Believe it or not, it has been 25 years since the first deposit of dedicated oil revenues was made to the Alaska Permanent Fund.
In the years since that first $734,000 was deposited into the fund on Feb. 28, 1977, the fund has grown beyond Alaskans' wildest expectations. Today its value stands at more than $26 billion. It ranks among the 100 largest investment funds in the world.
The permanent fund began paying dividends to all Alaskans 20 years ago. Since 1982, almost $11 billion has been distributed in the form of dividends to state residents. The highest check was $1,963.86 in 2000 -- almost six times more than the lowest dividend check of $331.29 paid in 1984.
What a difference 25 years makes. That first deposit to the permanent fund would hardly put a dent in the billion-dollar budget gap the state faces today.
The fund and the dividends it pays have become Alaska's sacred cows. Debating the best use of the fund and how big Alaskans' dividends should be have become part of the state's culture.

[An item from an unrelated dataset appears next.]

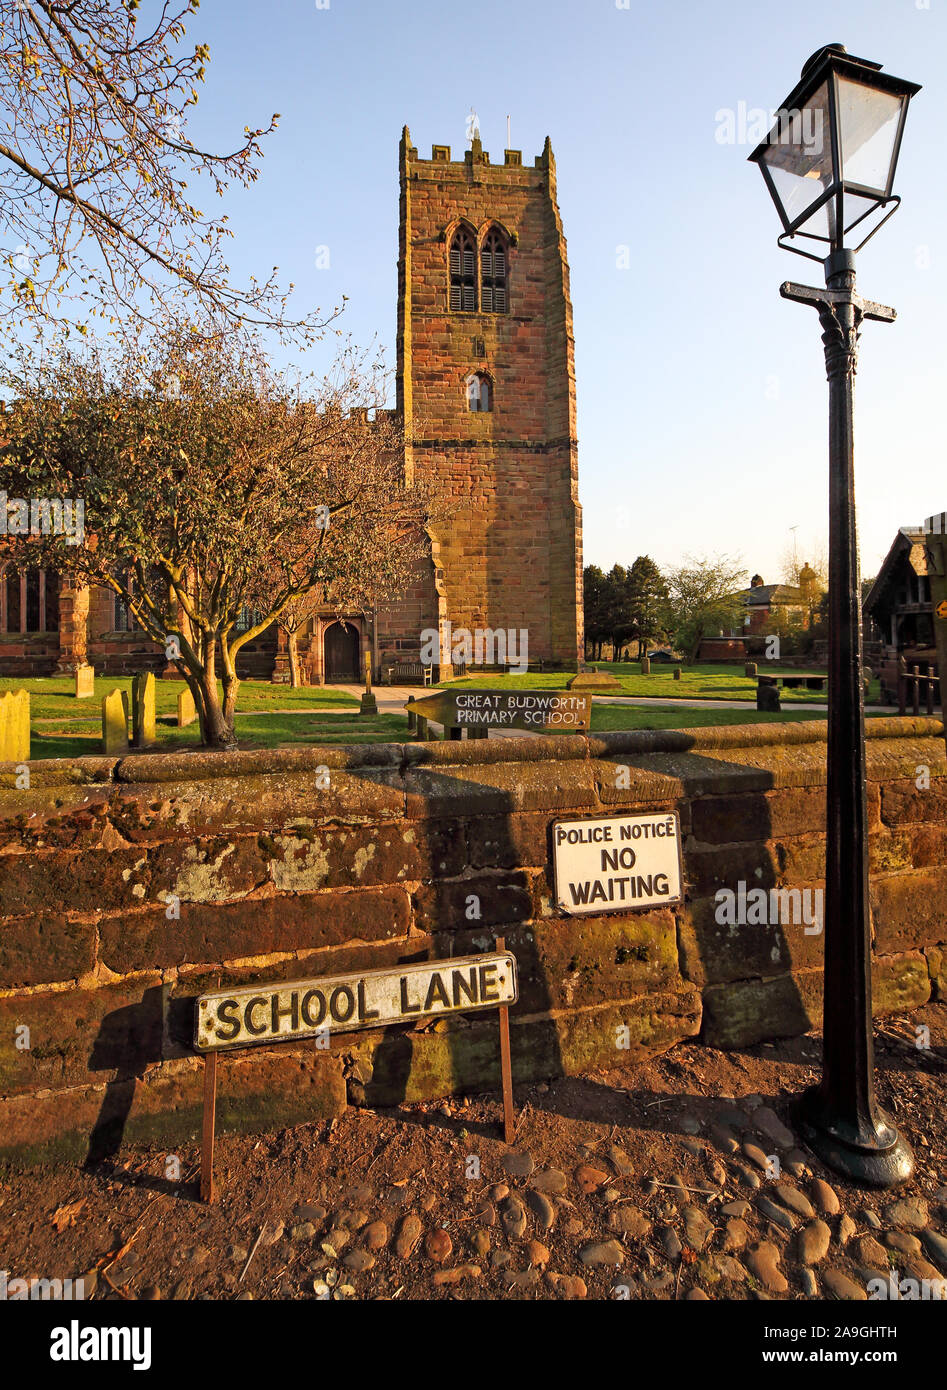 School Lane, Gran Budworth, Vista de Santa María y la Iglesia de Todos Los Santos, High St, Gran Budworth, Northwich, Cheshire, Inglaterra, CW9 6HF Foto de stock
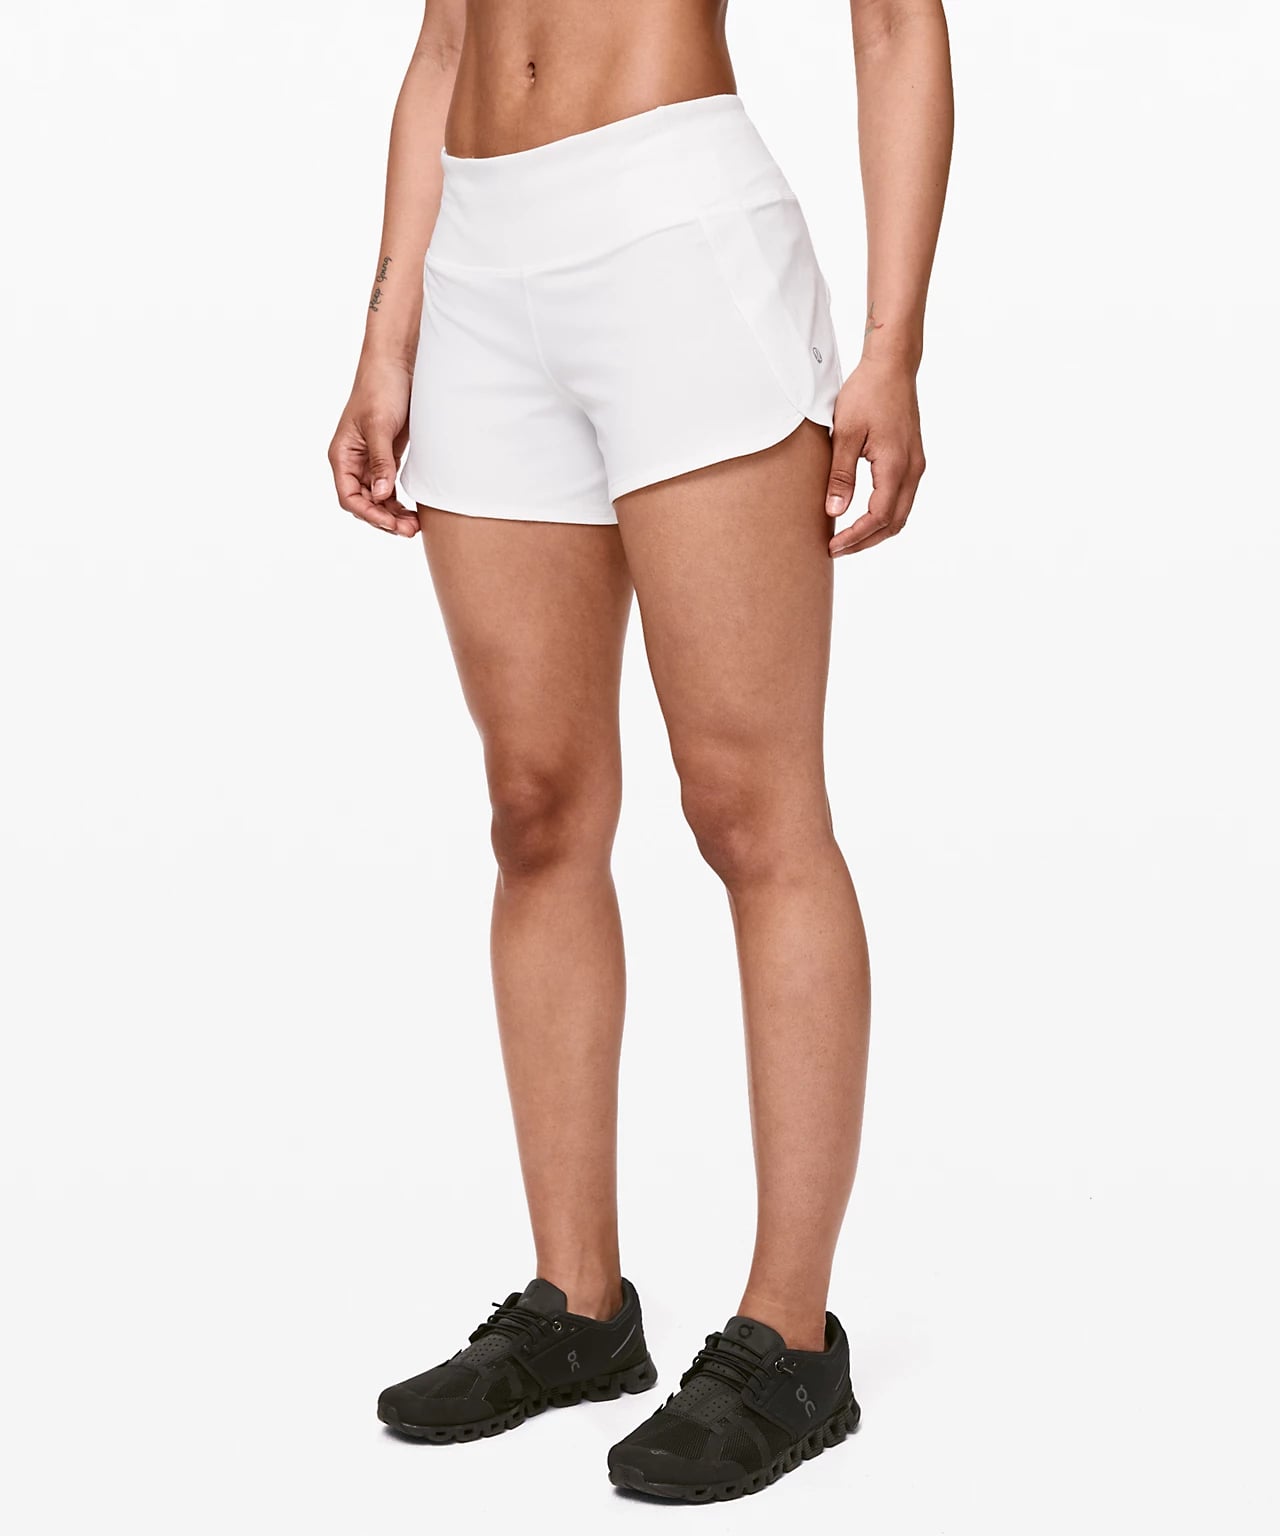 shorts similar to lululemon

Few would argue, however, that the creation of the permanent fund and the dividend program took vision and courage. The first 25 years of the fund have been a great success, but what does the future hold?
"... (I)f we continue inflation-proofing the fund to maintain its real value, and if we maintain the discipline to stay with sound investment policies, the fund could well be producing $5 billion of income per year by the time our children are getting together to celebrate the fund's 50th anniversary," writes Jim Sampson, the chair of the fund's board of trustees.
As part of the 25th anniversary celebration of the first deposit to the fund, students from around Alaska participated in an essay contest based on the theme "The Alaska Permanent Fund: Past, Present and Future." Three students from Kenai Central High School were awarded $100 savings bonds for their efforts.
As Alaskans ponder the success of the fund's first 25 years, these students provide thoughtful insights about the fund's future.
From Scott Kornfield, a KCHS senior, who titled his essay "Permanent means forever, right?": "... (T)he permanent fund has provided Alaska with the security that will ensure a long-term benefit from a short-term income boom. Oil in itself is not a renewable resource; however, the income generated from it is. It has been placed into a fund that is carefully controlled by the voters of Alaska. This generation helps to ensure money is available for our further generations, and as a result, we are given a slice of the pie, which is miniscule compared to the funds that are being ensured for future generations. If every generation follows in stride, then theoretically the fund will never be depleted, and there is comfort in that security."
From Jesse Tapley, also a KCHS senior: "I think that the state should propose to use a small percentage of the principle of the fund to use toward schools that need more education funds. There are so many schools in Alaska that do not have adequate funding. There is such a huge number of dollars in the Alaska Permanent Fund that it would be worth using $100 million or so for some of the basic necessities like textbooks that some schools cannot afford. ...
"This fund has a great and prosperous future. Even if the oil fields are depleted and the fund no longer gets oil revenues, it will still increase massively each year because of the investment income. The state should take small amounts of money out of the principle, or just the leftover income, and use it for education, development, or any other areas that need money and don't have the resources to get it. ... This money could help Alaska become a better place."
From Amanda Trux, another KCHS senior: "After many years of debate about whether the fund should be managed as a public trust or as an economic development bank, a decision was made. In 1980, the fund was established as a public trust. The best thing about it is that the fund is functioning as planned. It has become large and provides benefits for Alaskans. The fund will continue to be profitable and benefit Alaskans if we continue to manage the wealth of Alaska responsibly. ...
"The fact that Alaska, as a state, is interested in providing financial stability for future generations makes me feel better calling Alaska my home. I hope Alaska will continue down the path of success. Alaska's future counts on it."
The message for today's decision-makers: When mapping the future, it's wise not only to look at yesterday but to seek the vision of tomorrow's leaders. After all, they will be the most affected by what is -- or isn't -- done today.